» Records to use:

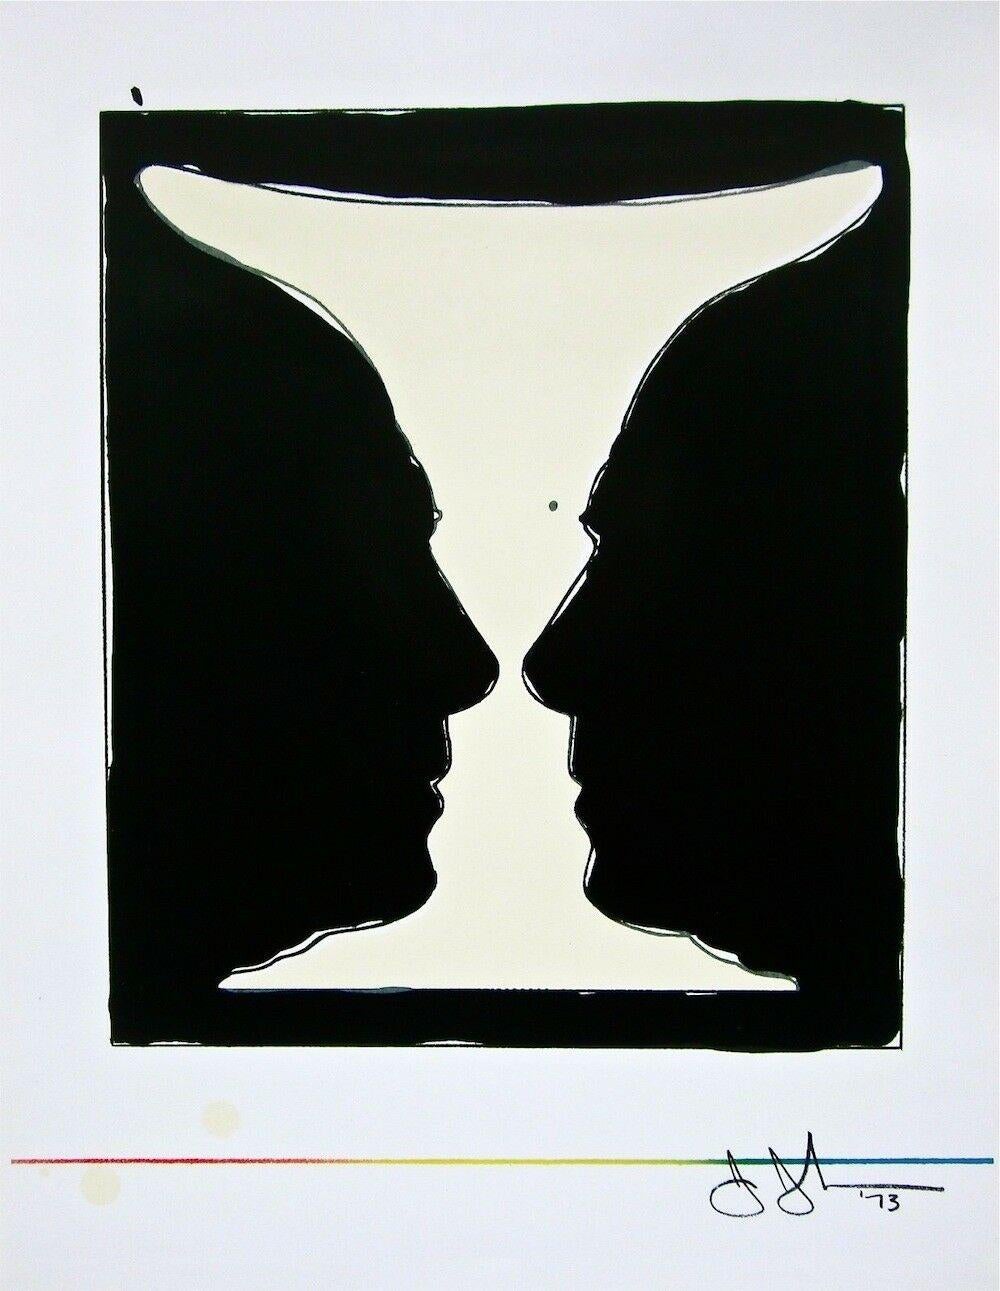 Artistics : Jasper Johns (1930)
Titre : Coupe 2 Picasso (Sparks 113 ; Field 168 ; ULAE 123)
Année : 1973
Support : Lithographie couleur sur papier vélin
Édition : 1,500
Taille : 14 x 10.5 pouces
Inscription : Signé et daté avec la signature de
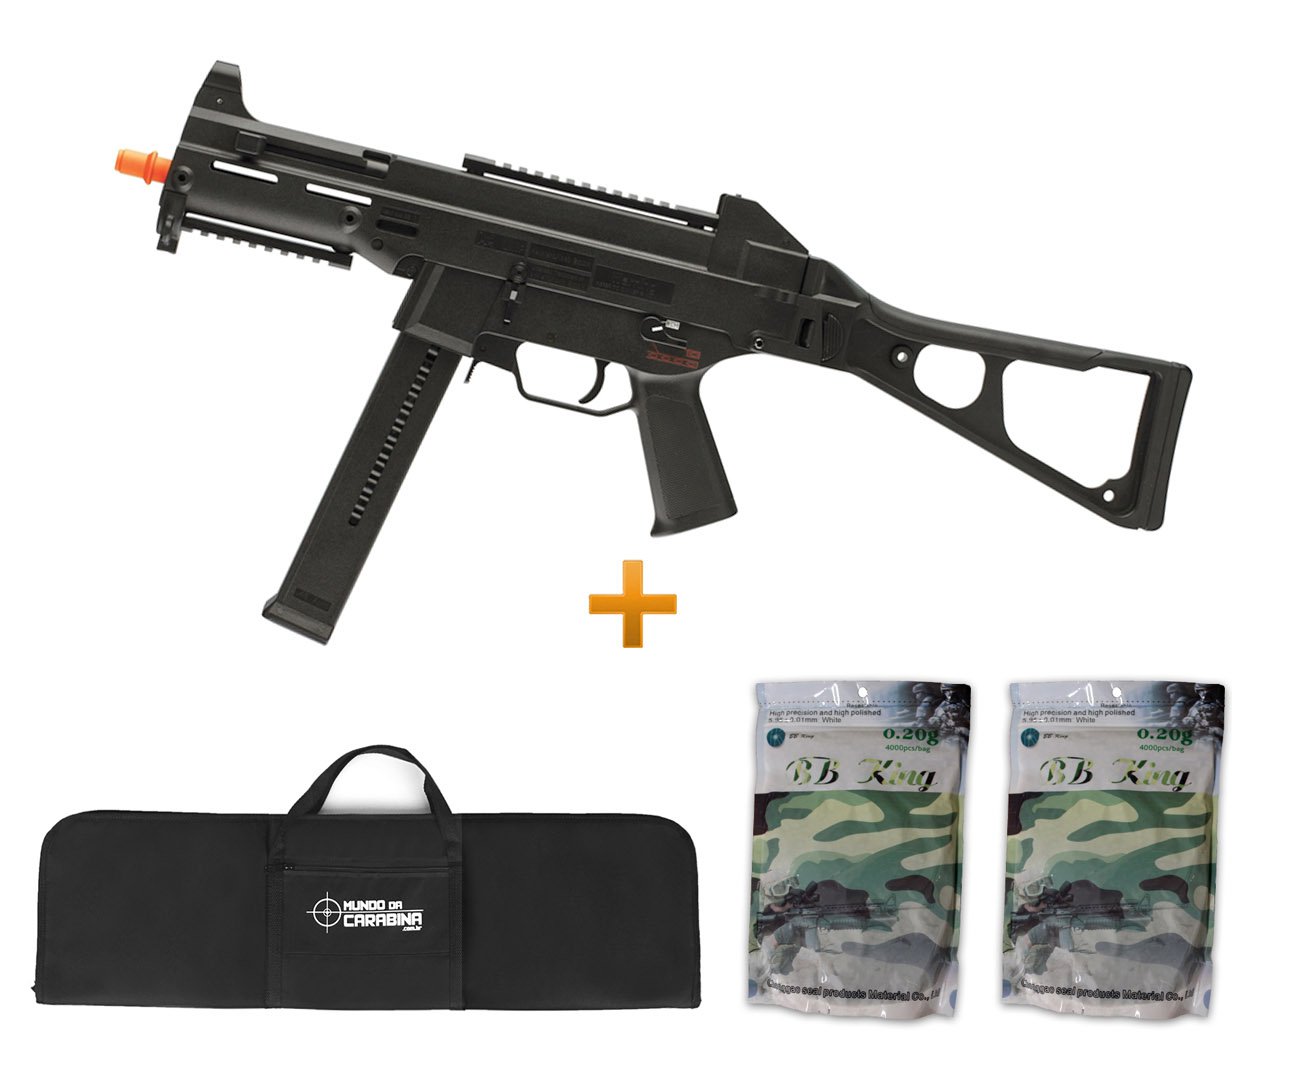 Rifle De Airsoft H&k Ump Aeg - Cal 6.0mm + Capa + 8000 Bbs 0,20g - Umarex

» Brief: Please reproduce the whole listing exactly; the pictures stay out.

» Result:
 Artistics : Jasper Johns (1930)
Titre : Coupe 2 Picasso (Sparks 113 ; Field 168 ; ULAE 123)
Année : 1973
Support : Lithographie couleur sur papier vélin
Édition : 1,500
Taille : 14 x 10.5 pouces
Inscription : Signé et daté avec la signature de
 Rifle De Airsoft H&k Ump Aeg - Cal 6.0mm + Capa + 8000 Bbs 0,20g - Umarex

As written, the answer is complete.